At this early stage, it’s nearly impossible to know what impact these companies might have. We don’t know anything about their download and speed capacity, their pricing strategy, or their targeted market so it’s impossible to begin to predict their impact. We don’t even know how long it’s going to take to get these satellites in space since these three companies alone have plans to launch over 10,000 new satellites – a tall task when compared to the 1,100 satellites currently active in space. …

I foresee a different future for the satellite industry. Let’s start with a few facts we know. While 10,000 satellites is an impressive number, that’s a worldwide number and there will be fewer than 1,000 satellites over the US. Most of the satellites are tiny – these are not the same as the huge satellites launched by HughesNet. Starlink has described their satellites as varying in size between a football and a small dorm refrigerator. At those small sizes these satellites are probably the electronic equivalent of the OLT cabinets used as neighborhood nodes in a FTTH network – each satellite will likely support some limited and defined number of customers. OneWeb recently told the FCC in a spectrum docket that they are envisioning needing one million radio links, meaning their US satellites would be able to serve one million households. Let’s say that all of the satellite providers together will serve 3 – 5 million homes in the US – that’s an impressive number, but it’s not going to drive other ISPs into a pricing panic.
I also guess that the satellite providers will not offer cheap prices – they don’t need to. In fact, I expect them to charge more than urban ISPs. The satellite providers will have one huge market advantage – the ability to bring broadband where there isn’t landline competition. The satellite providers can likely use all of their capacity selling only in rural America at a premium price.

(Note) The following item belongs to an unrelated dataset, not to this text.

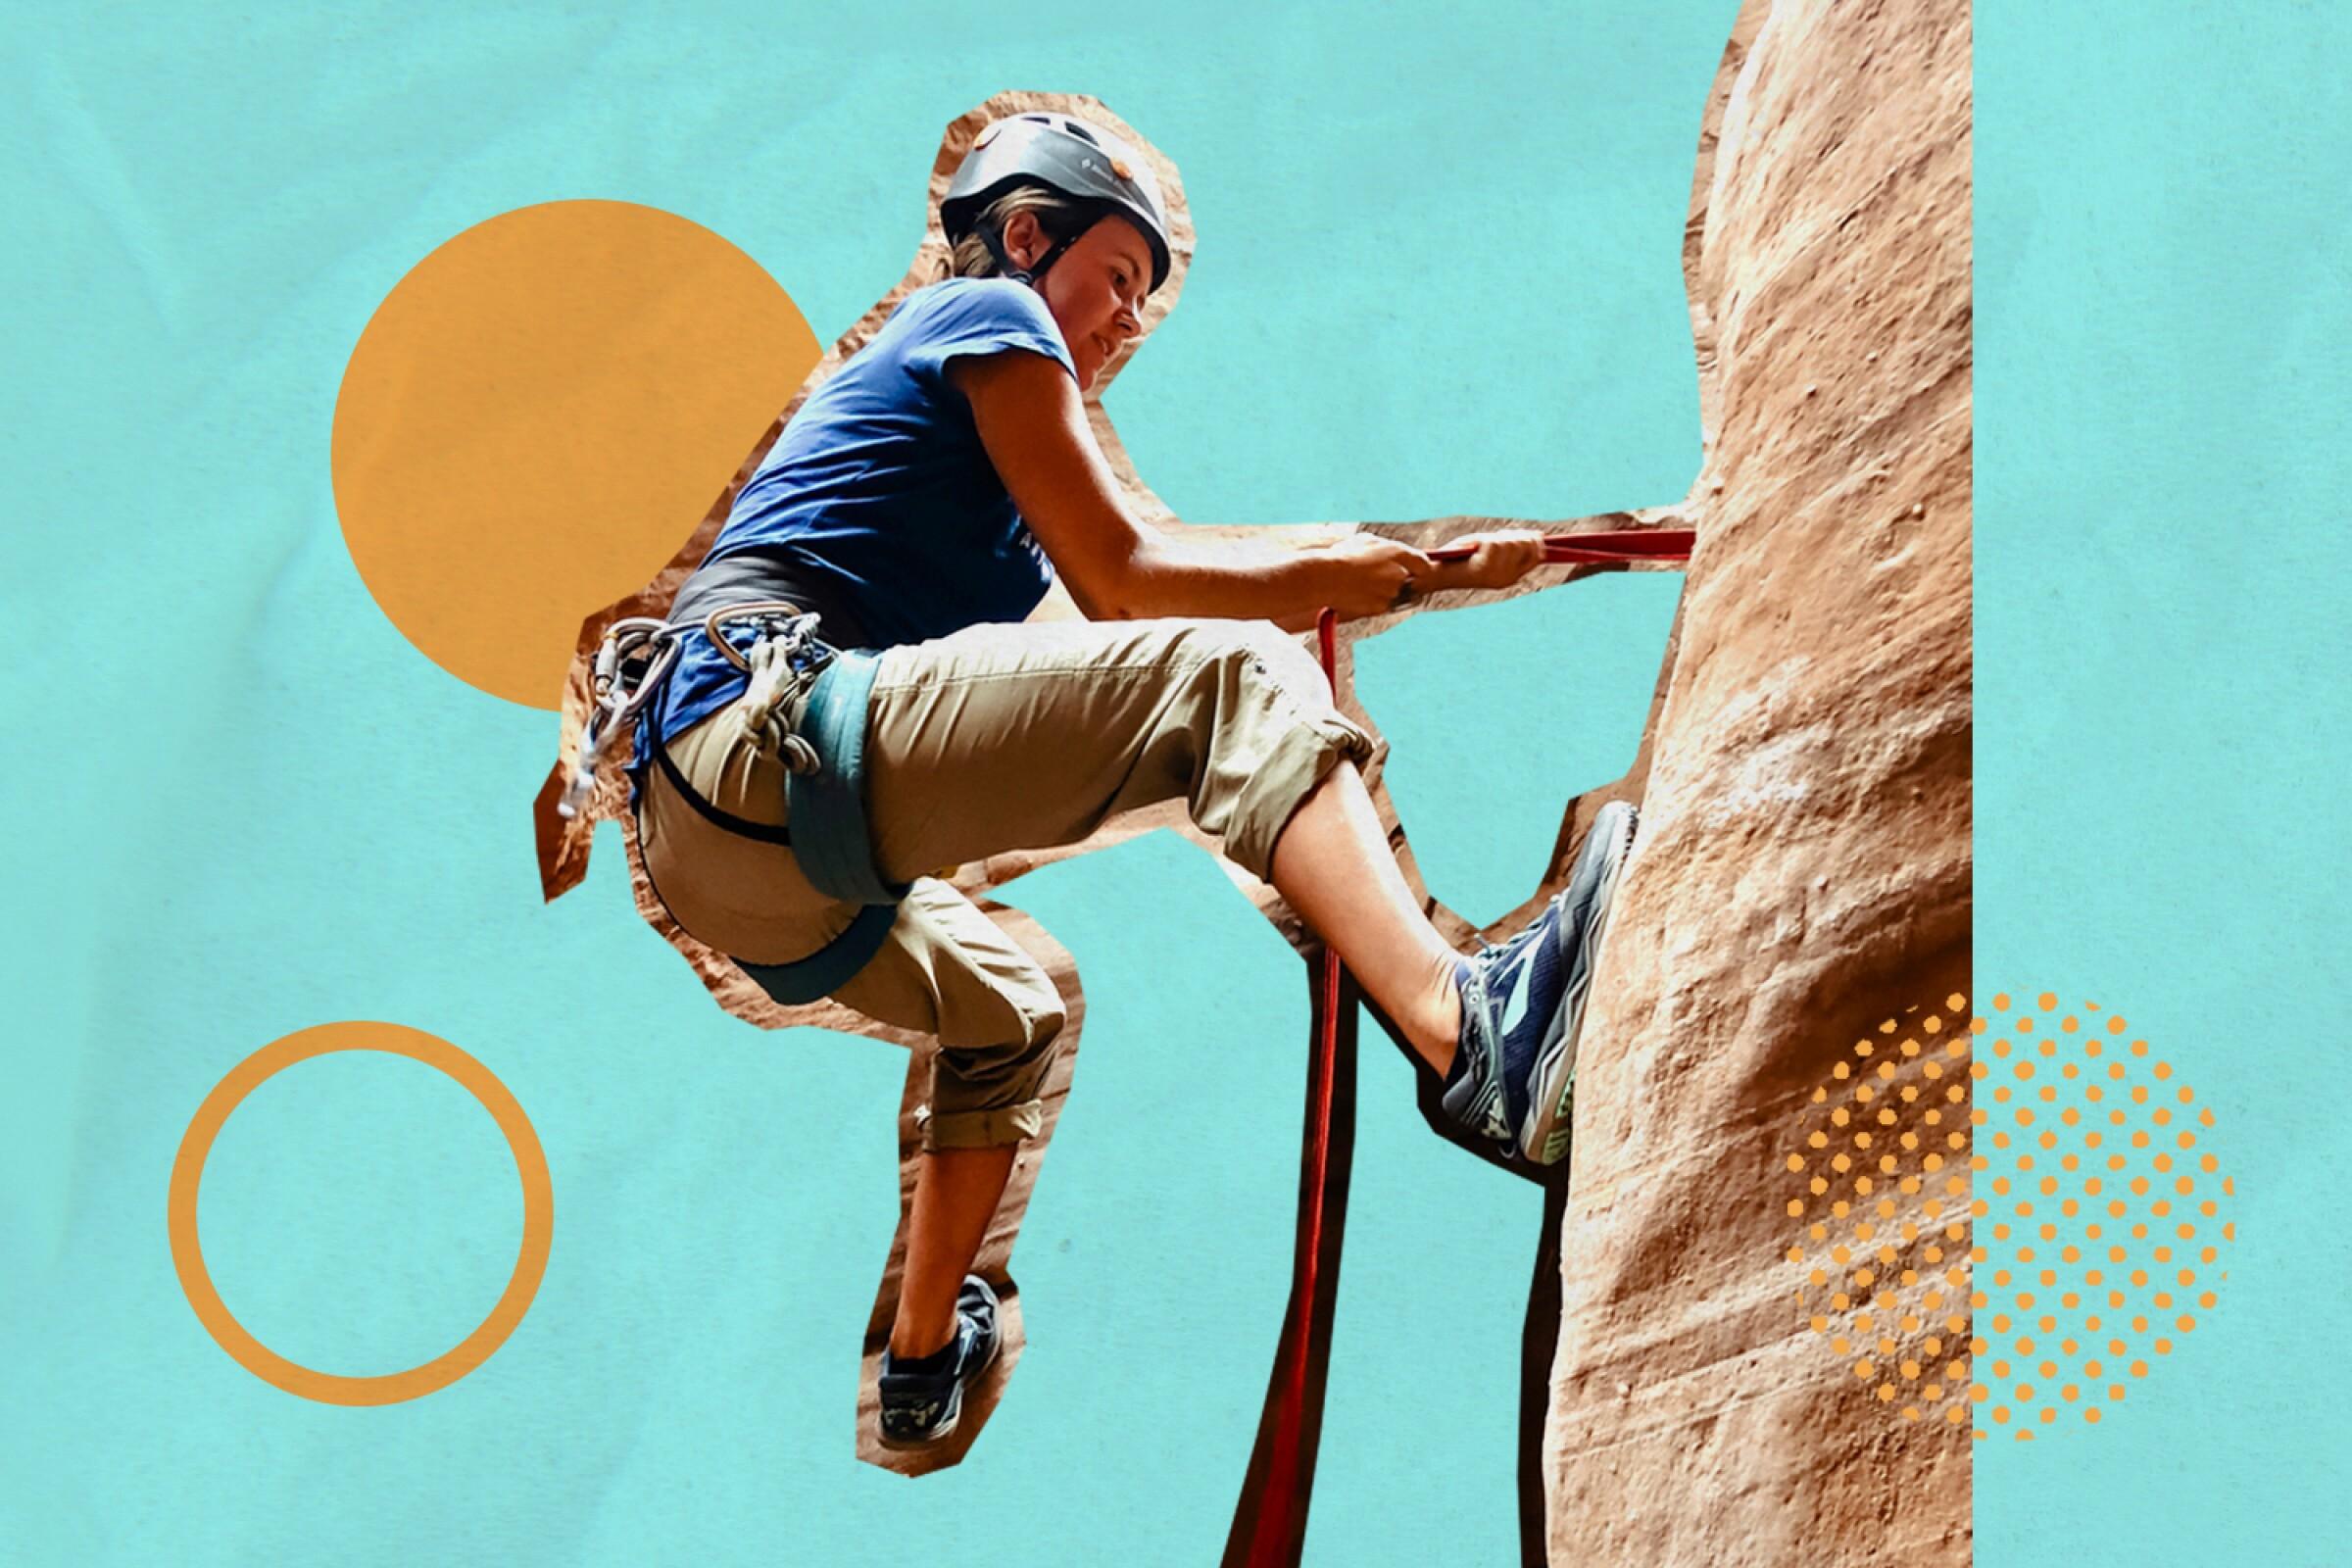 A woman climbs a canyon wall
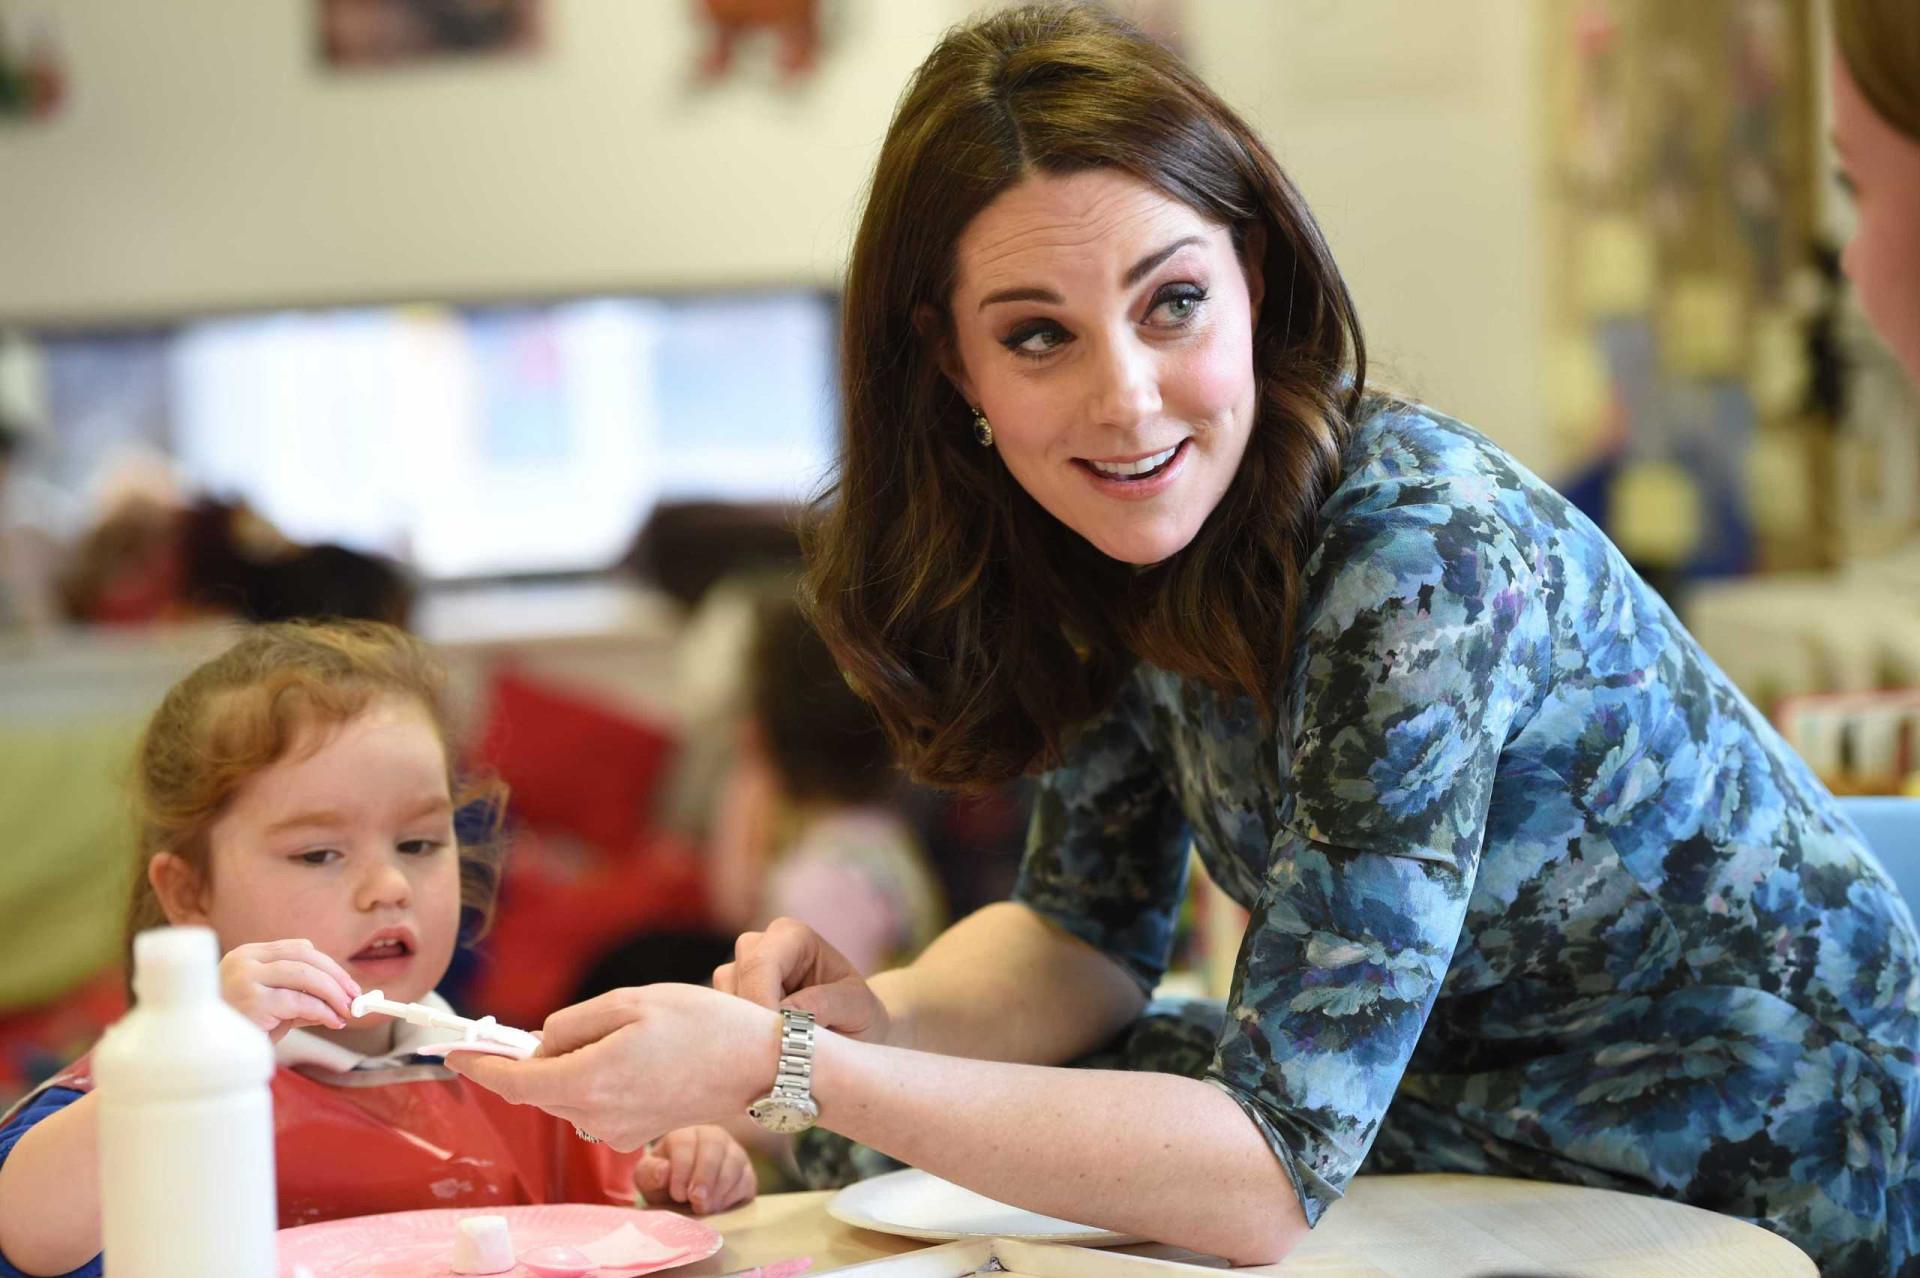 Aos sete meses de gravidez, Kate Middleton surpreende pela elegância

Choosing fiber today isn’t like choosing an 8-track player in the 1970s. Fiber will never become defunct. For broadband transport outside of satellite, a key aspect of the equation is how close you can bring the last mile to a fiber connection.

This entry was posted in FTTH, MN, Security by Ann Treacy. Bookmark the permalink.

About Ann Treacy

I have a Master’s Degree in Library and Information Science. I have been interested or involved in providing access to information through the Internet since 1994, when I worked for Minnesota’s first Internet service provider. I am pleased to be a part of the Blandin on Broadband Team. I also work with MN Coalition on Government Information, Minnesota Rural Partners, and the American Society for Information Science and Technology.

3 thoughts on “Greenwood Town Board officials question value of broadband

  1. Ann,

    If you would please read this week’s Timberjay. I live in Greenwood and await the reintroduction of the hand crank phone and the bag phone.